# Momentary switch question



## Tanker (Mar 3, 2017)

I have several momentAry switches that I have wired up, but I'm not an electrician, but how do I sure these with the blocks to make an functional. These have the set screws not pins... Any help be great thanks


----------



## Tanker (Mar 3, 2017)

How do I wire these to be functional instead of always on


----------



## diamonddave_k (Nov 9, 2016)

Is there a "NO", "NC" and "C" set screw or just 2 set screws? If there are 3 set screws are you using the "NO" and "C" screw only?


----------



## Tanker (Mar 3, 2017)

There are 2 set screws, but they came with these green and red blocks to screw in to the back of the switch! One side says x one, the other is x2.

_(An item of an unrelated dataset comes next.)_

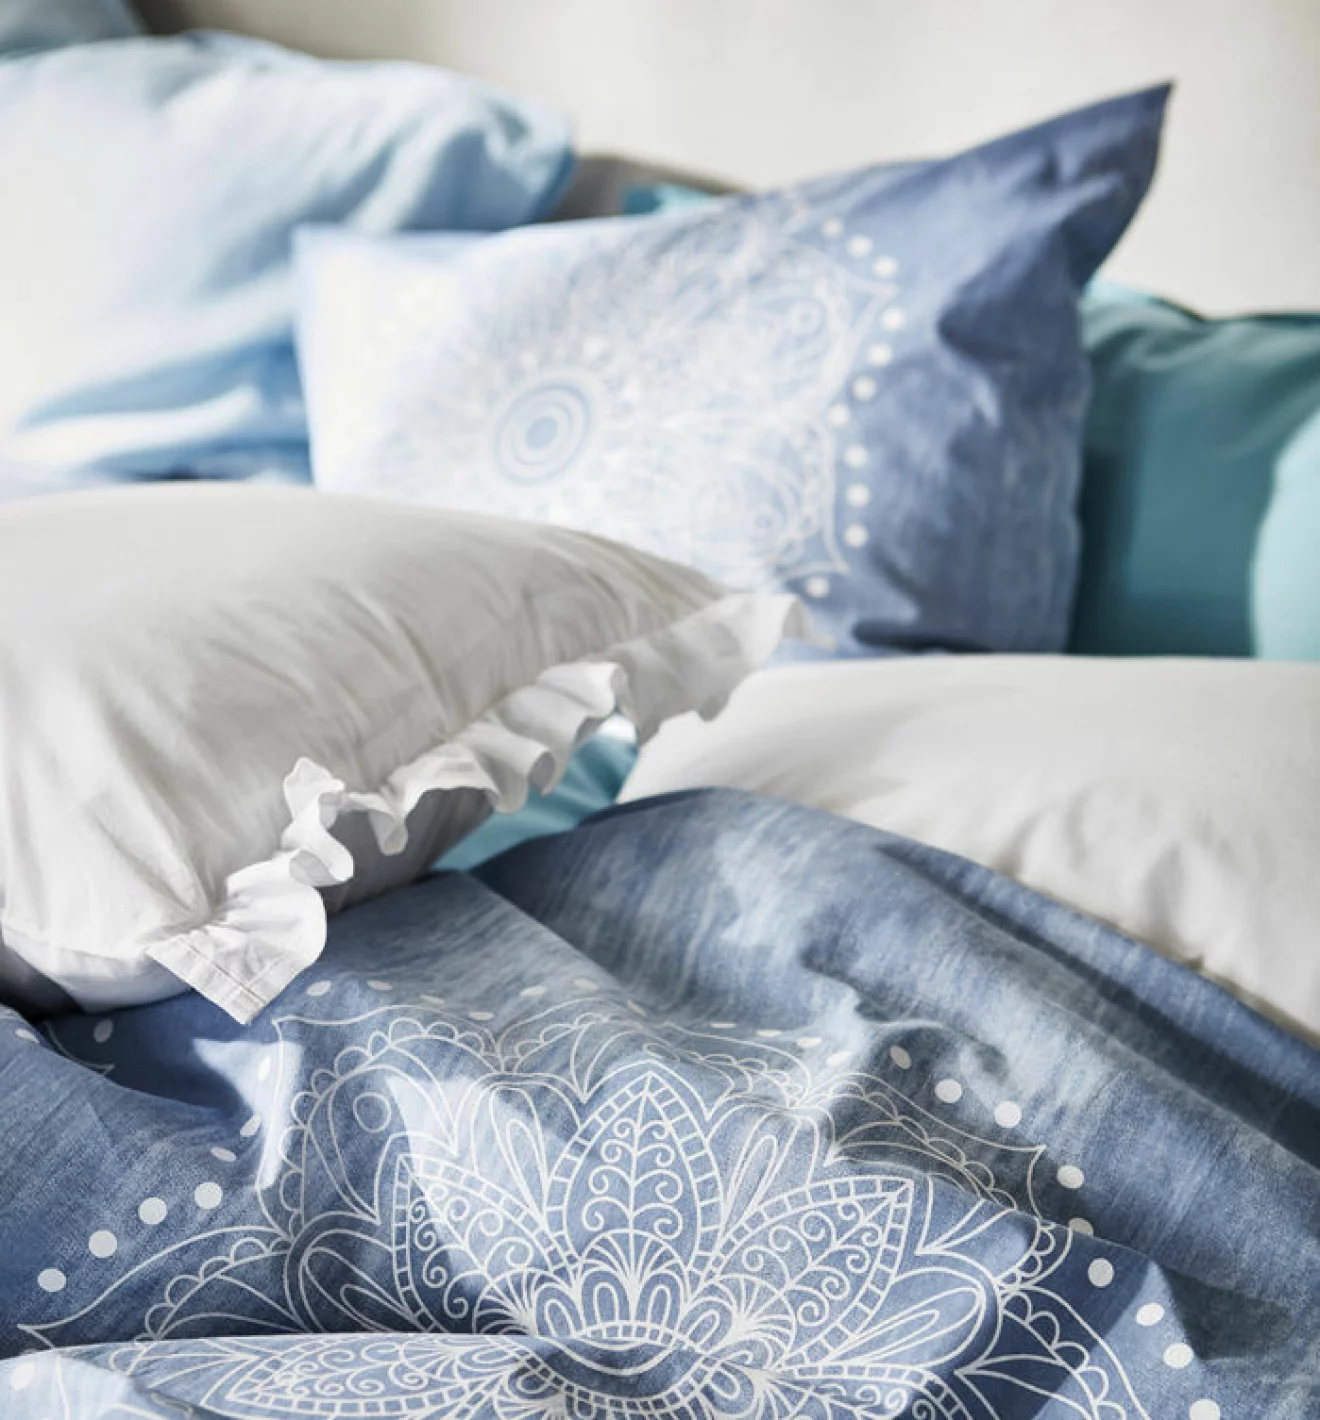 Detaljbild på sängkläder i blåa toner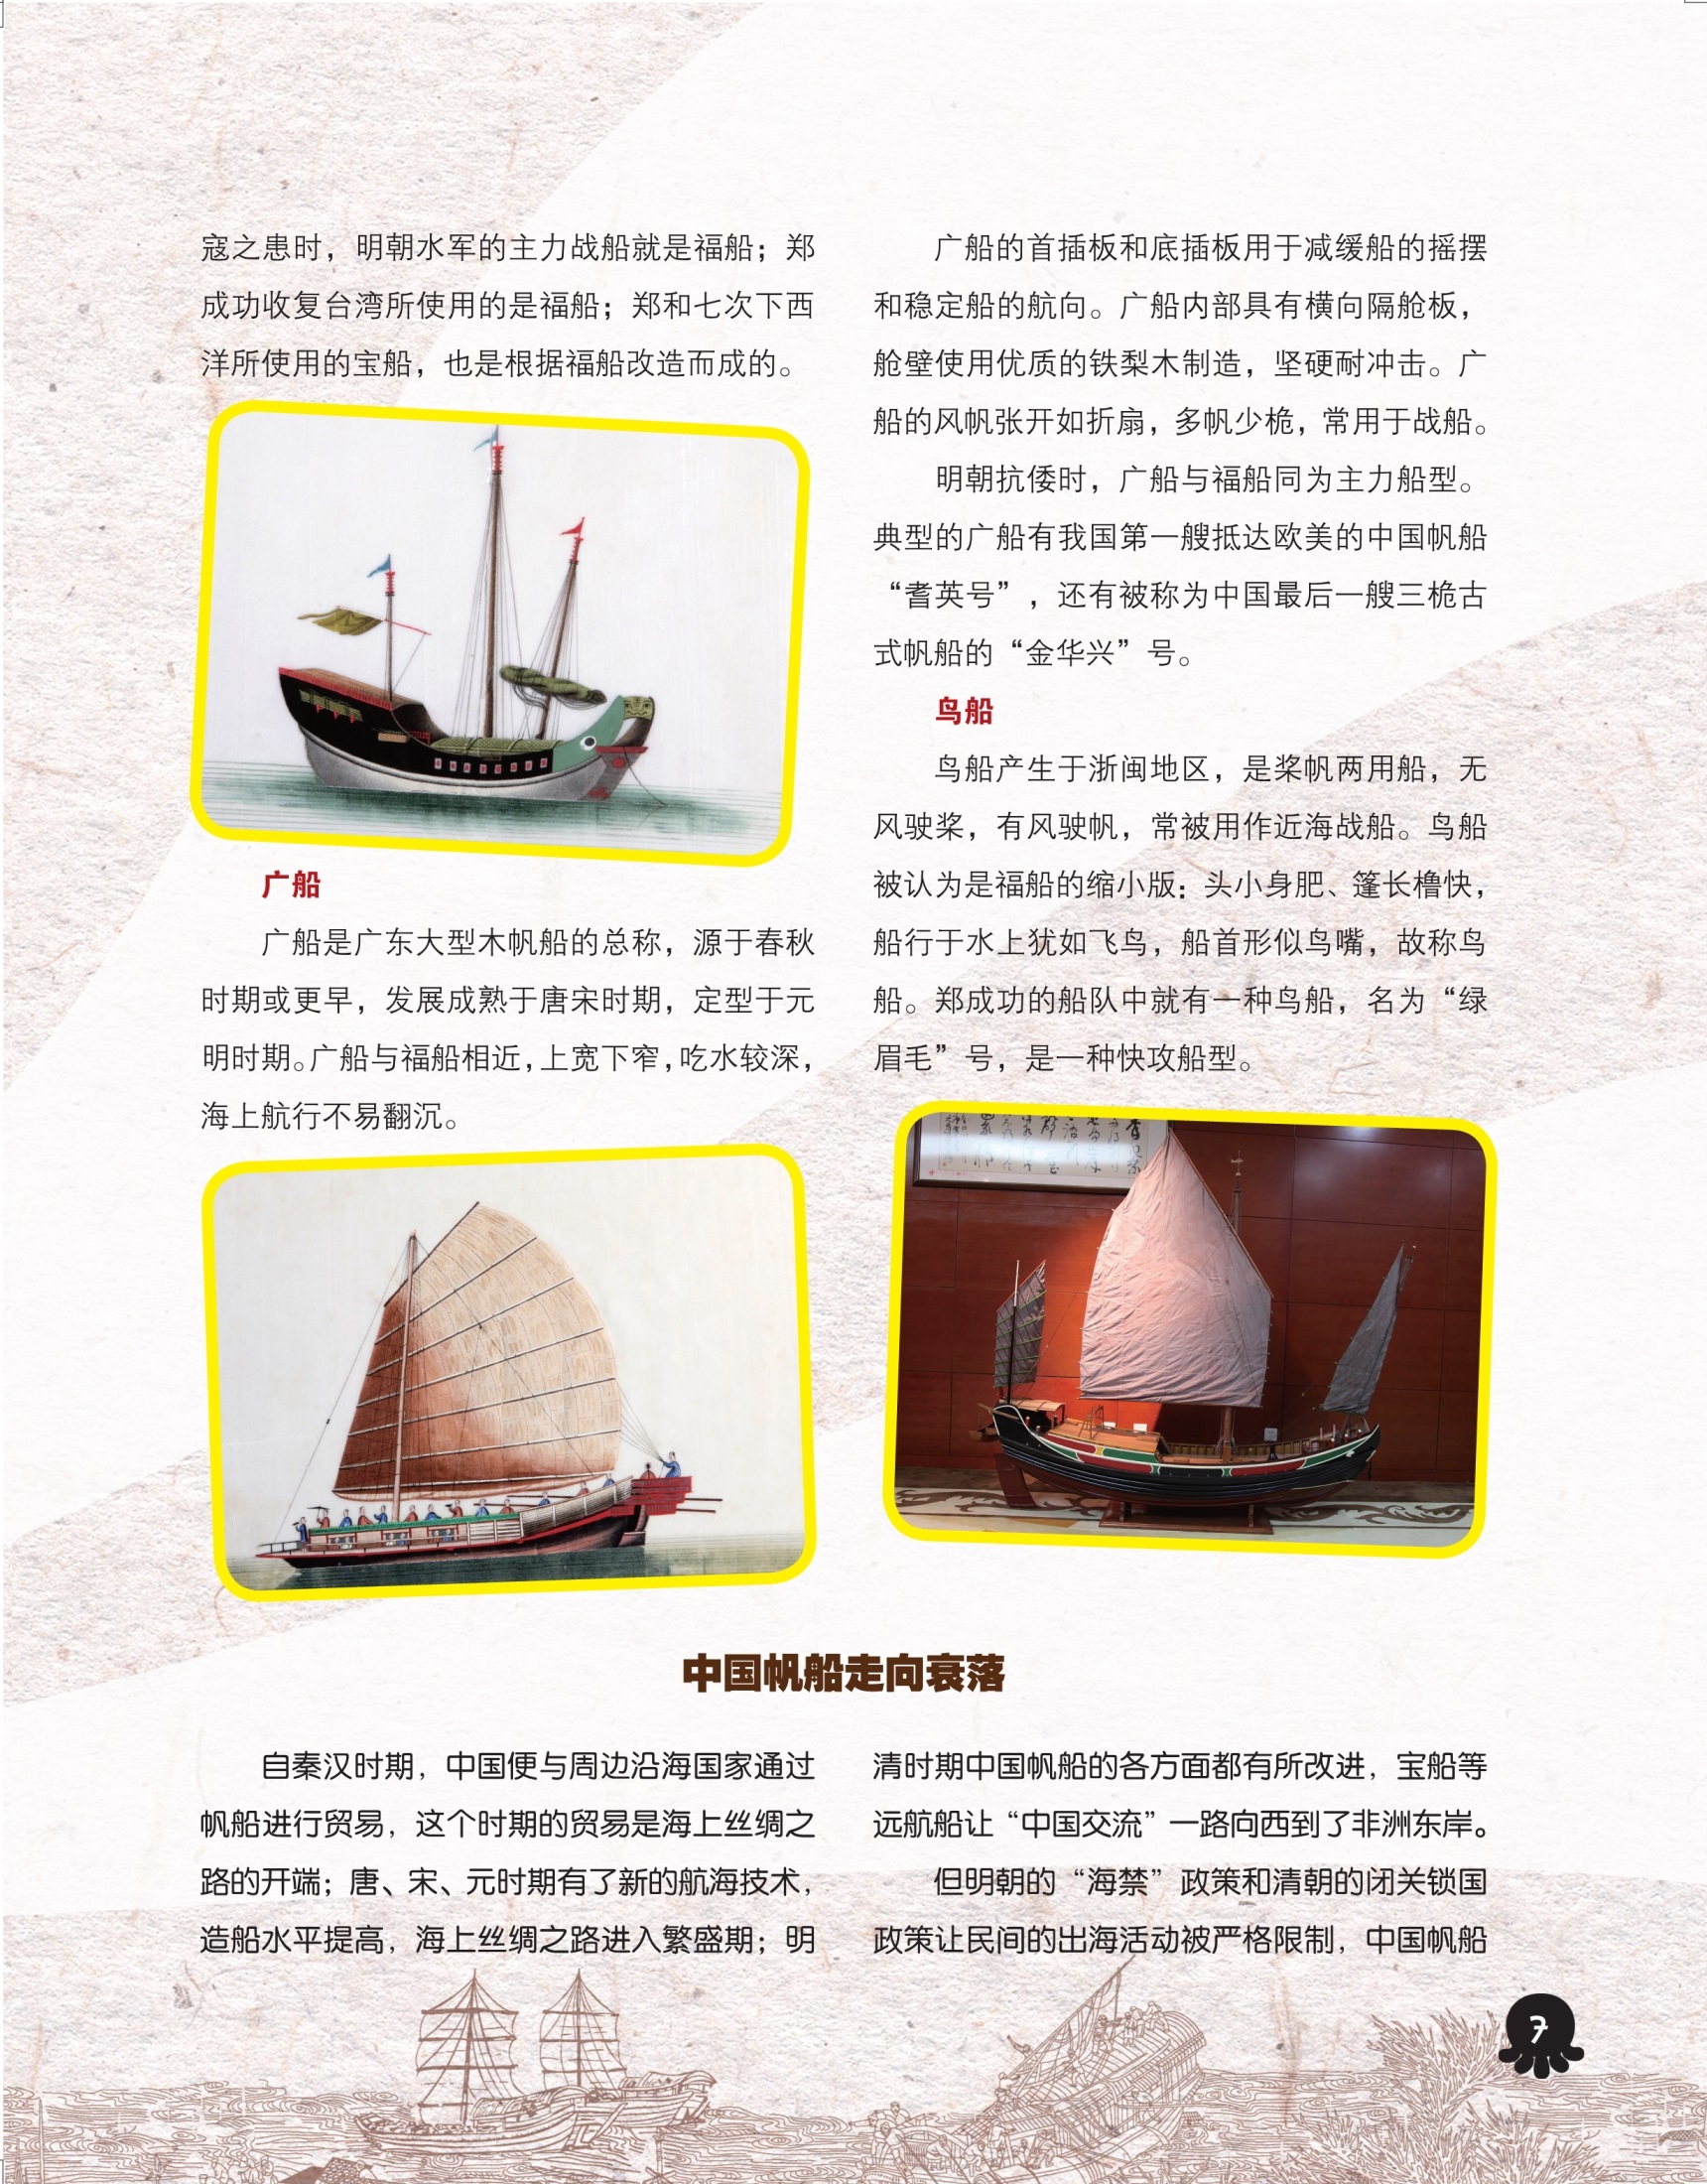 明朝水军的主力战船就是福船,中国帆船走向衰落

Sorry, I'm doing the best I can to describe these. I'm a machinist not an electrician as you can tell.
Thanks immensely


----------



## bikerglen (Feb 1, 2017)

Usually the green contact blocks are normally open and the red contact blocks are normally closed. If you connect a light to the green block, the circuit will be open (light off) when the button is not pressed and closed (light on) when the button is pressed. If you connect a light to the red block, it’ll be the opposite: light on when not pressed; light off when pressed. Got a photo of the switches and contact blocks?


----------



## Tanker (Mar 3, 2017)

I do, but no way to upload them here unfortunately, I tried that last night to try n help more


----------



## Tanker (Mar 3, 2017)

Those are the exact ones I ordered


----------



## Tanker (Mar 3, 2017)

http://www.frightprops.com/panel-mount-pushbuttons.html


----------



## Otaku (Dec 3, 2004)

Tanker said:


> How do I wire these to be functional instead of always on


Sounds like you have "normally closed' switches. Since they are built to be that way you can't change them to be normally open and activate when pressed. The ones in your link are what you're looking for.


----------



## Tanker (Mar 3, 2017)

The ones in the link are what I have! I just wanted to know if there was a certain way to wire them with the blocks, do I use a jump wire? They are 24vdc, wired to a power unit. I jus wanted to know using the blocks if they would be fully functional! !
Thanks guys


----------



## Otaku (Dec 3, 2004)

Odd that they behave as normally closed when they're supposed to open switches. Do you have a DMM (digital multimeter) available? If yes, you can check which terminals are closing when you press the button.


----------



## Tanker (Mar 3, 2017)

No, sadly I dont. I need to get my hands on one.
These are wired direct. No blocks, when I push the button, nothing happens. If I swap the positive and negative will it affect anything? I can always try thay and see what happens. I'm open to any suggestion at this point...
Thabks again


----------



## Tanker (Mar 3, 2017)

So how would I go about wiring the switch with the blocks???? Do I jump the wired or???


----------



## bfjou812 (Aug 15, 2008)

One wire from the power supply goes to one of the terminal screws on the contact block. The wire going to the prop/light/ whatever you want to power goes to the other terminal screw of the contact block . If you look on the side of the contact block it should tell you if the block is N.O or N.C. The switches in the link state they are all N.O. The one with the red contact block would be suspect to me . As someone else mentioned , green contact blocks usually mean N.O. and red mean N.C. Hope this helps.


----------



## Tanker (Mar 3, 2017)

Ok I will give that a shot tomorrow! Thanks again


----------